1) Anesthetize the flies in the vials that you set up crosses in during Lab Session 2. These flies, the progeny of the crosses you set up during Lab Session 2, are the F₃ generation. Examine all of the flies. Look for flies displaying the mutant phenotypes you identified during Lab Session 1. Pay attention to differences between males and females.

-What do the males flies look like?

-What do the female flies look like?

-Do any of the flies display the mutant phenotype that you identified in Lab Session 1?

-From your results, can you determine whether your newly-identified mutation is dominant or recessive?

-From your results, can you determine whether your newly-identified mutation is allelic to any known mutation?

2) The F₃ females are heterozygous for the X-chromosome carrying your newly-identified mutation, and the multiply-marked X-chromosome. During meiosis in these females, crossing-over can occur between these two X-chromosomes, resulting in eggs carrying recombinant X-chromosomes. By examining the F₄ progeny resulting from a cross between these females and appropriate male flies, you can determine the recombination frequencies between your newly-identified mutation and the known mutations on the multiply-marked X-chromosomes. This will enable you to calculate a map position for your new mutation.

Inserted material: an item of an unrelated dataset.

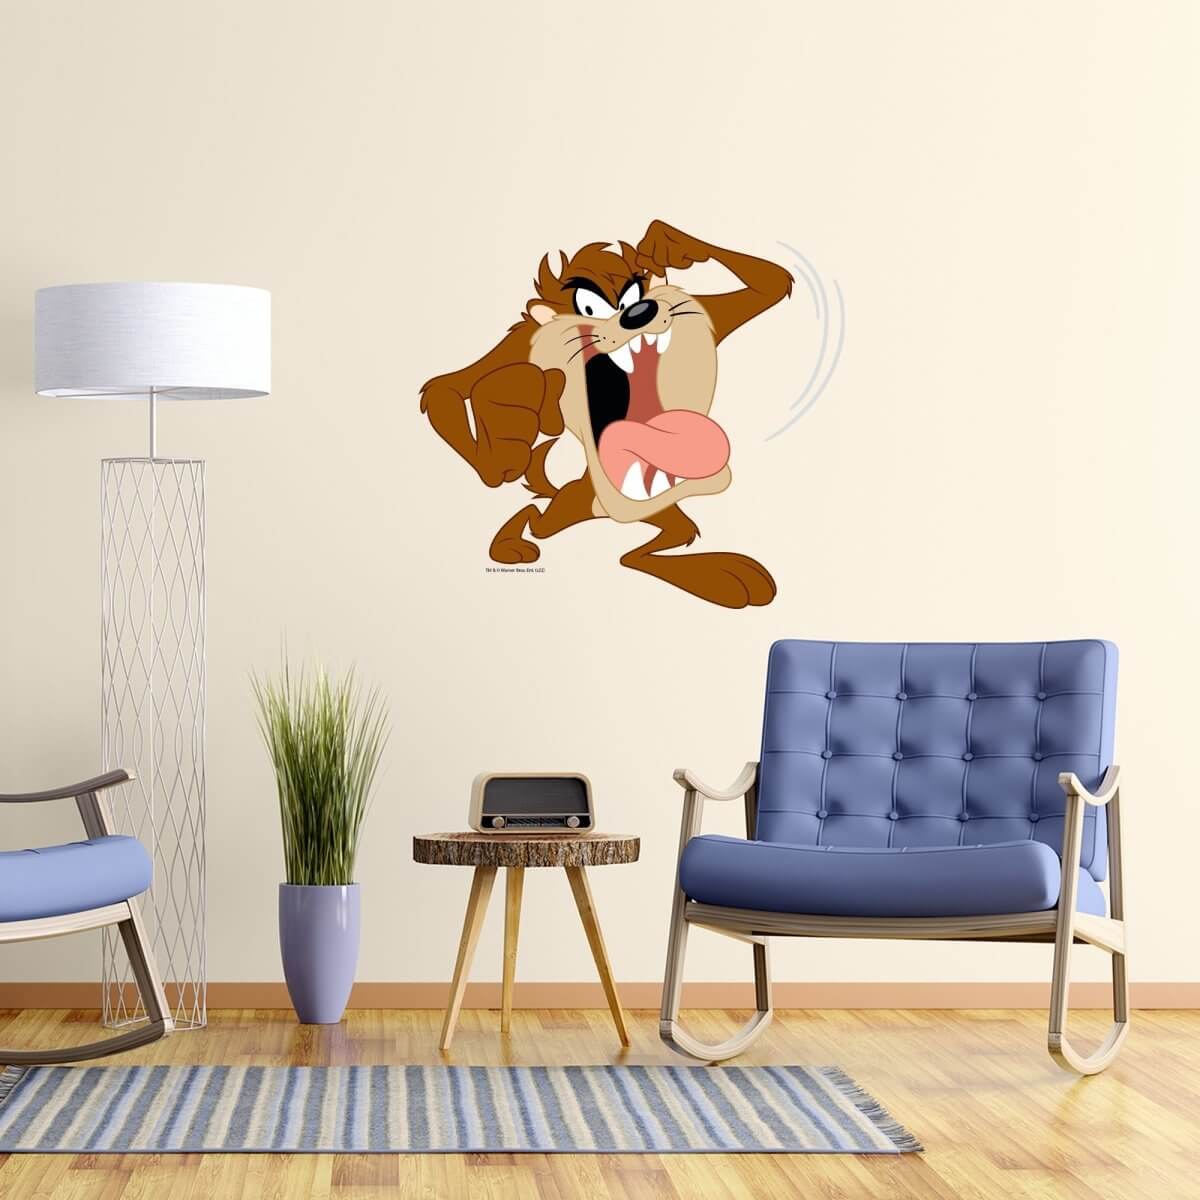 Kismet Decals Looney Tunes Tazmanian Devil Licensed Wall Sticker - Easy DIY Home & Kids Room Decor Wall Decal Art - Kismet Decals

Since you are dealing with X-linked mutations, you can plan to restrict your analysis of the F₄ progeny to the F₄ males. Each F₄ male will inherit a single X-chromosome from his heterozygous F₃ mother, and will display the phenotypes associated with any mutations on that X-chromosome. Each F₄ male will either be parental-type or recombinant with respect to the several mutations you are working with. Determining the percentage of F₄ male progeny that are recombinant will enable you to calculate a map position for your newly-identified mutation.

Since you will be looking at only the males in the F₄ generation, the genotype of the males that you cross with your F₃heterozygous females does not matter. You can consider these males to be merely sperm donors. Set up a cross(es) of your F₃ heterozygous females with available males.

Lab Session 4

During this lab period, you should be able to finish your proposed mapping experiment, and determine what region of the X chromosome each of your mutations maps to.

1) Anesthetize the flies in the vials that you set up crosses in during Lab Session 3. These flies, the progeny of the crosses you set up during Lab Session 3, are the F₄ generation. Examine all of the flies. Separate the males from the females, and discard the females. You will focus this analysis on the F₄ males only.

2) Pick three mutations to focus your attention on . These three mutations must include your newly-isolated mutation and two of the mutations on the multiply-marked X-chromosome. You can now consider your study a three-point cross, as described on pages 156-167 of the textbook Griffiths et al. (2002) Modern Genetic Analysis, 2^nd Edition. New York, W.H. Freeman and Company. Your first job will be to determine the phenotype (mutant or wild-type) of each of the F₄ males with respect to the three mutations you are considering. You can then figure out the numbers of F₄ males that are parental-type and recombinant-type with respect to each of the three mutations.

3) After scoring all of the F₄ males for phenotype, determine which class of progeny represent the double cross-overs. Determine the number of single cross-overs that occurred between each of the three mutations. With these numbers, you should be able to map the three mutations relative to one another. Since you know the map positions of two of the mutations, you should be able to determine a map position for your newly-isolated mutation.

4) Draw a map of the X-chromosome showing the map positions of your newly-isolated mutation and the two other mutations you used.